Aloo Gobi Masala (potato curry)
Spice mix:
2 tsp
coriander powder 1 tsp
cumin powder 1 tsp
turmeric 1/4 tsp
garam masala 1/2 tsp
chilli powder (or more or less according to how you like it)
pinch of
asafoetida (also known as "hing" - ask at your asian grocer)
Mix spices together with about 1/4 cup
water have everything ready to go before you start to make it easy.
heat 2 Tbsp
ghee or oil - see note in a pan/wok/pot
add 4 medium
potatoes , peeled and cut into 2cm cubes
add spice mix, stir to coat all the potato. Cook for a couple of minutes.
Add 2 diced
tomatoes or 1/2 can of diced tomatoes.
and some water, just enough to simmer in, not too much.
You can now add other hard veges in too if you want, I would definitely go for
cauliflower If you want to add green veges, do this when everything else is basically cooked. (spinach is a good one to add too)
cook some more, until veges are tender but not soggy. Add more water in a little at a time if needed.
add in 2 tsp
mustard seeds, 1/2 tsp
cumin seeds,
two
tomatoes cut into 8 wedges
some
curry leaves, torn into pieces or chopped (you can use dried ones, just soak them in hot water for a while first)
2 tablespoons of
curd (I left this out)
salt and chopped fresh chillies to taste. Cook about another five minutes, or until you are ready to eat it!
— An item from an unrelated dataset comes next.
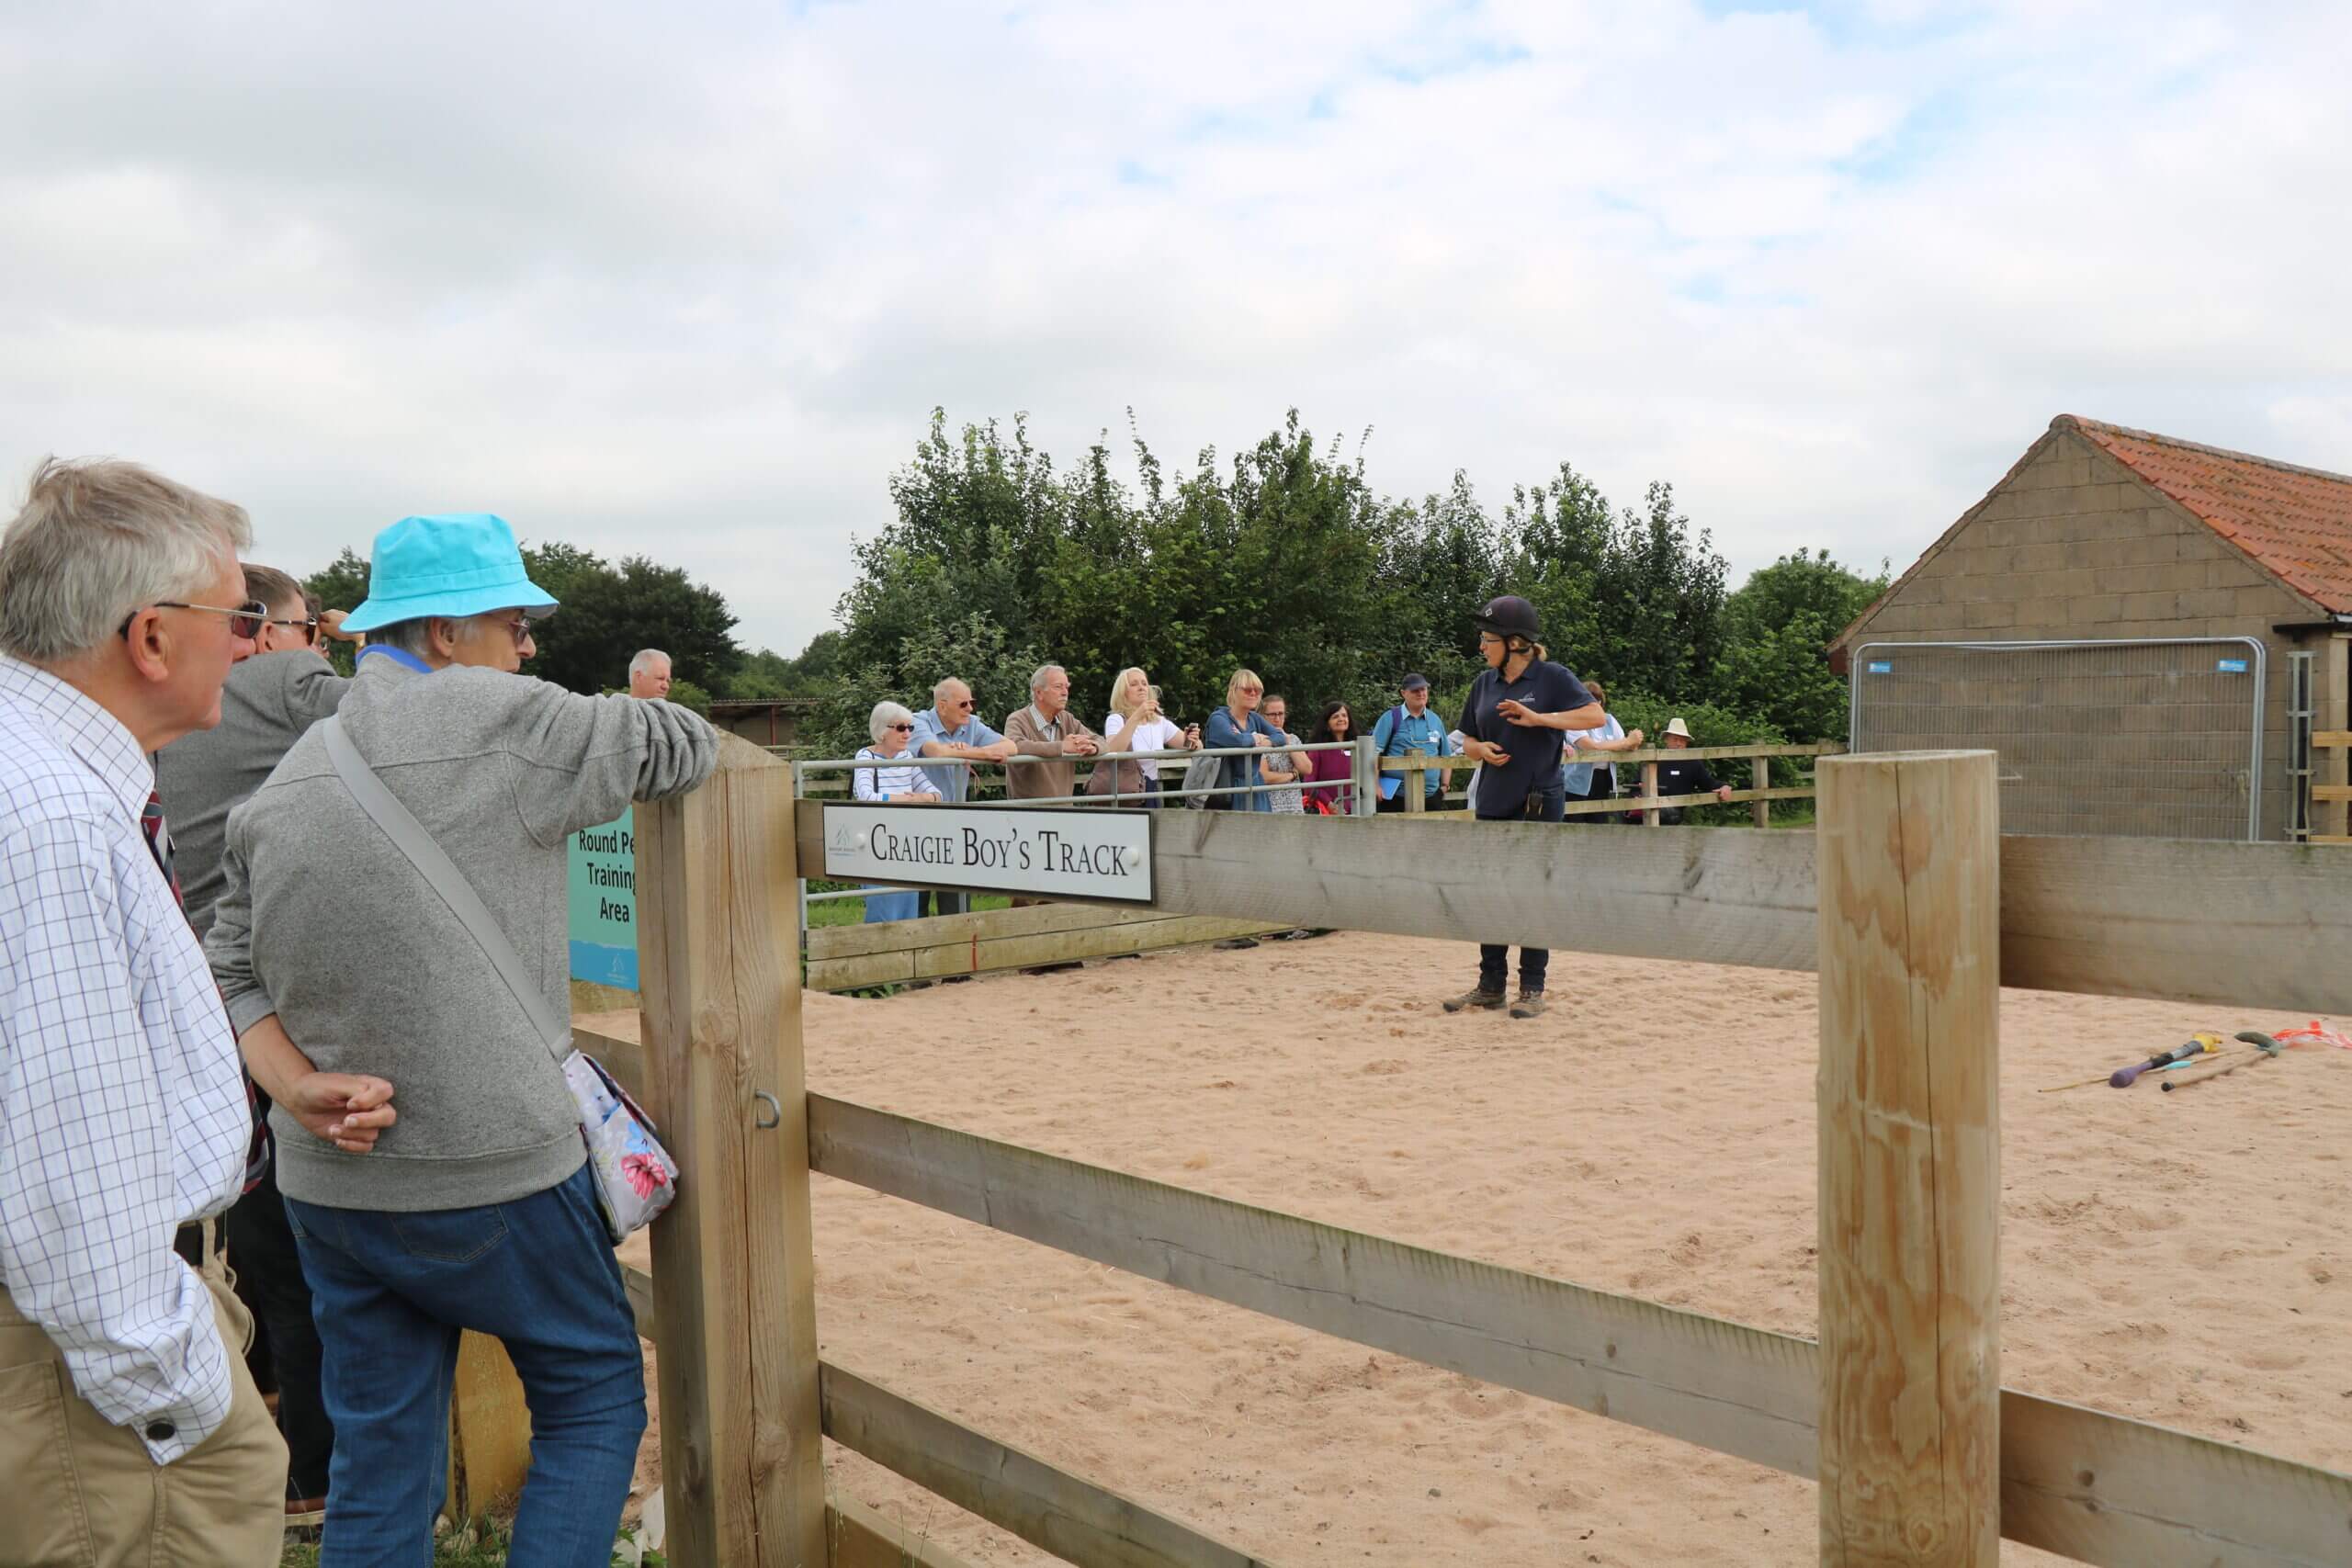 member of staff demonstrating equine training at a vip day

Serve with steamed basmati rice or as a side dish to other curries.
Yummy.
*Ghee is clarified butter, you can buy it or make it. It is just the clear fat part, without the milk solids. To make ghee, heat 250 gms butter in a small saucepan very very slowly so the white bits stay on the bottom and the yellow clear oily bit separates to the top. Once it is melted, slowly and carefully pour off the clear stuff, avoid getting any white bits in it. Keep it in the fridge. Throw away the rest, its useless. Very salty!
Alternatively just use butter, or oil. Oil can give the curry a slightly bitter taste though. Best oil to use if you must use oil is sunflower oil. (thats what we used at CG)
The rest to follow soon - work calls....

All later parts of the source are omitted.